Smoking has been public enemy #1 thus far, and an arm's length of new legislation has been enacted in the last decade to "protect us from ourselves." But to some extent, those efforts have been working too well. Cigarette sales are way down, meaning government will desperately need a new bogeyman to take center stage. As I previously opined, "Big Transfat" is likely to be the winner, and "drastic measures" will be foisted upon a public that will at first be skeptical, but after several years of special interests (ahem, insurance companies, cough) pounding their studies into our brains, said drastic measures will be accepted. I have little doubt the nanny-staters are racking their brains as we speak trying to dream up the chow hound's equivalent to secondhand smoke....and they'll come up with it....and most of us will end up believing it.

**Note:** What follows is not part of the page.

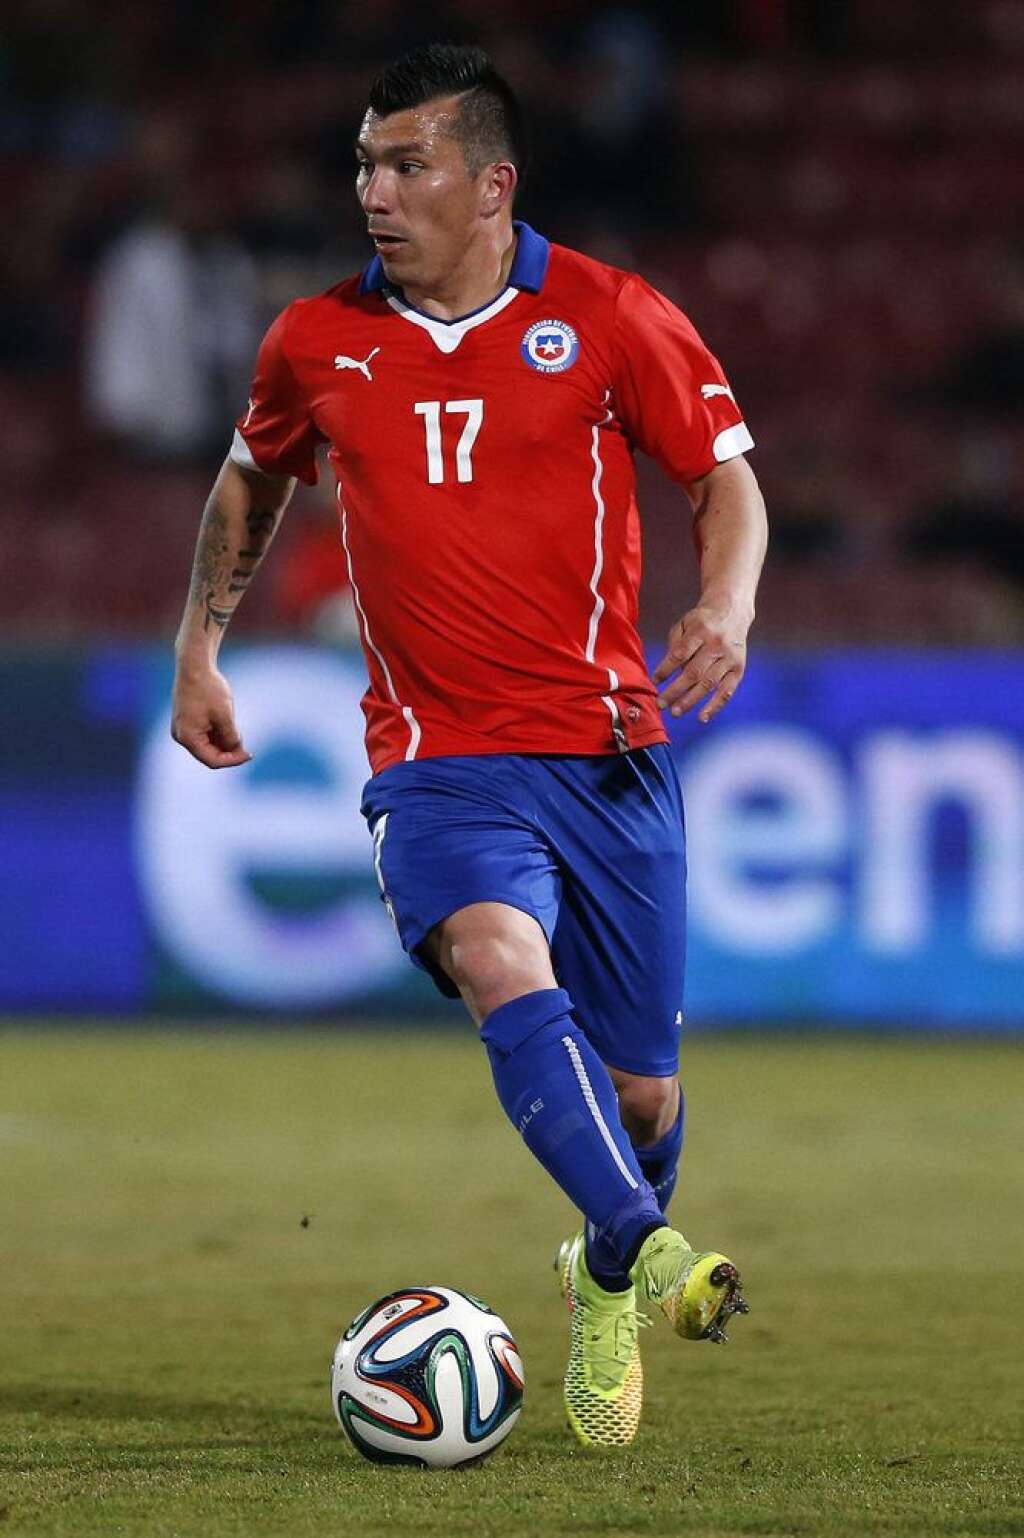 Gary Medel (Chili) - Son club: Cardiff City (Pays de Galles/Angleterre) Poste: milieu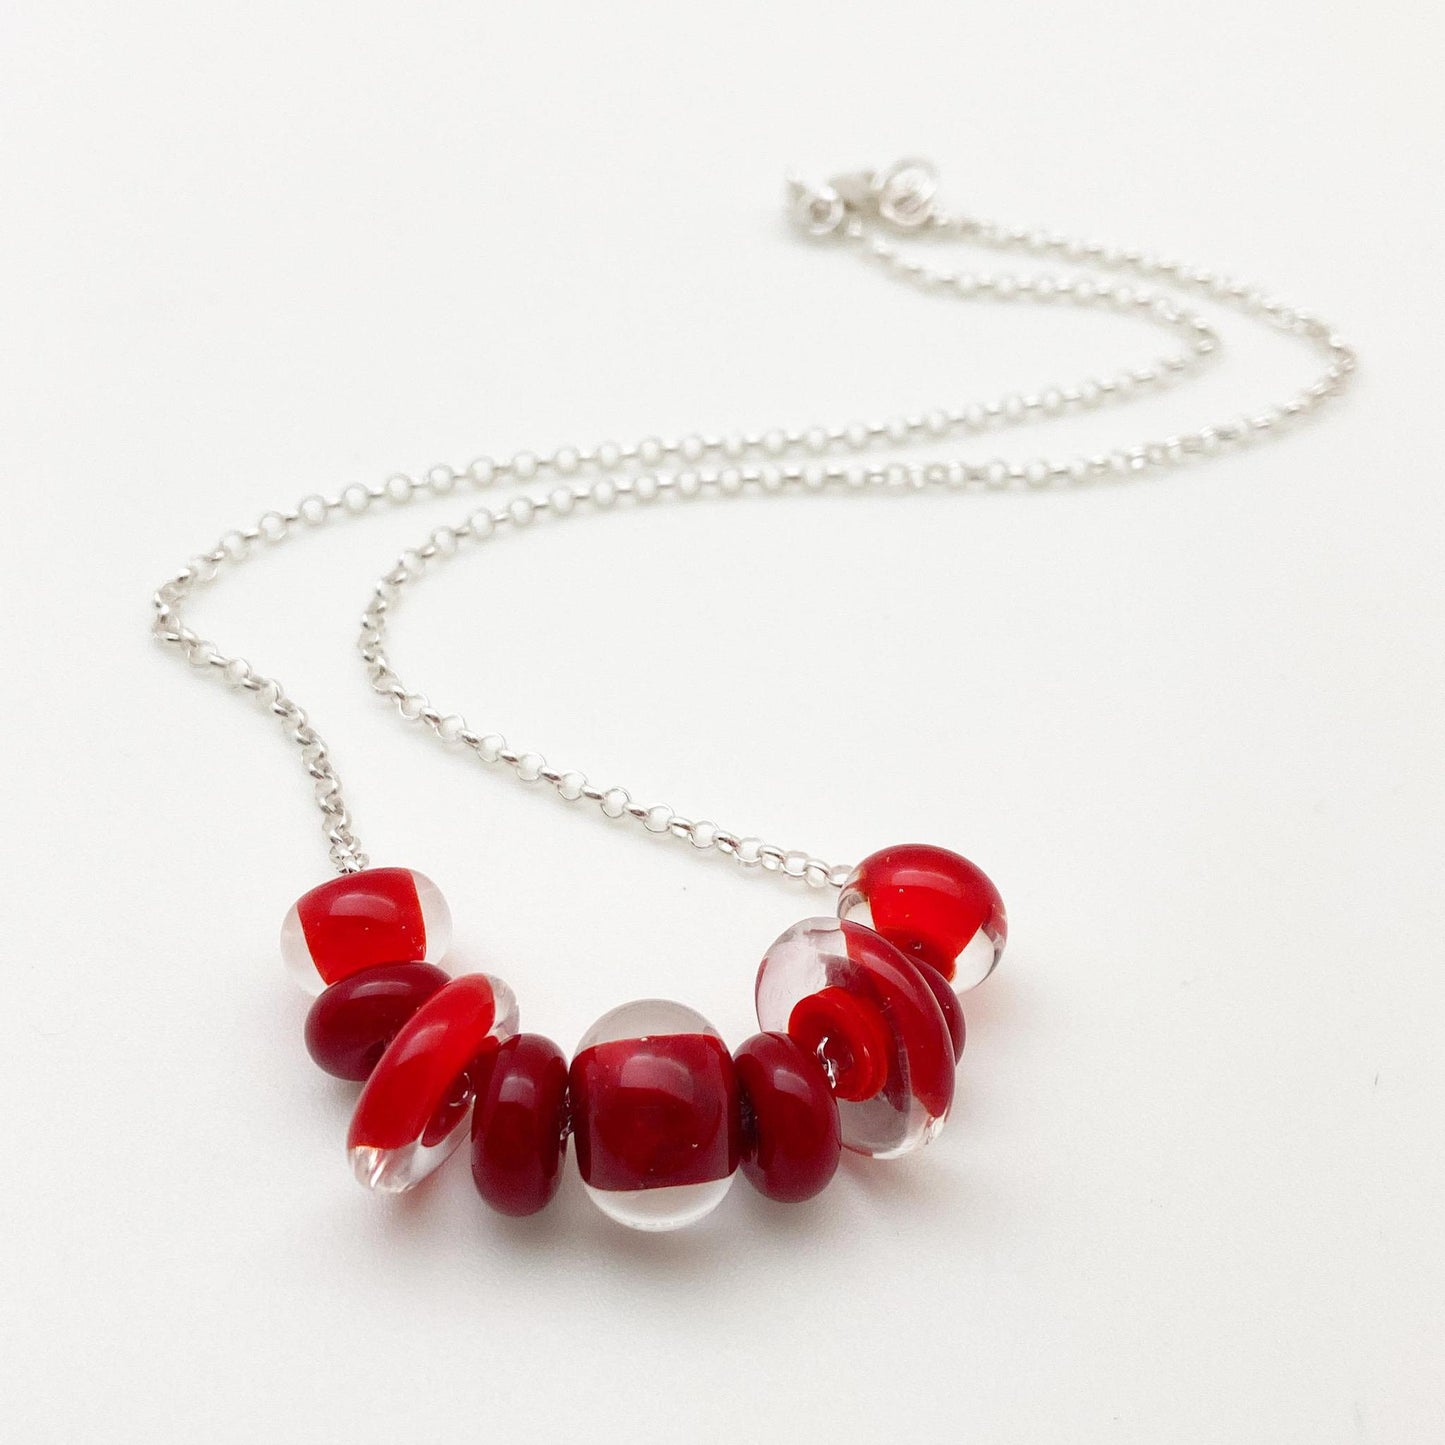 Necklace - Glass "Lifesaver" Beads - Bright Red

So what does this all mean? Basically, we're damned if we do and we're damned if we don't. If we smoke our Luckys and scarf down our fried chicken, we'll be lectured by public health officials and our employer's insurance company about the "epidemic" we are part of contributing to the least healthy and shortest-lived generation in memory. If we respond to that by kicking our bad habits and living off only the things we can grow in our gardens, then we'll be healthy 65-year-olds declared the villains for "living too long" and bankrupting Medicare, leaving us as long-term Alzheimer's patients with no way to pay the bills. Since there are no good answers, can't we just let people live their damn lives and consume their own poisons in peace without the lectures and without demands for new excise taxes that will merely be used to finance another corporate welfare package for whatever minimum-wage employer wants to move into our city?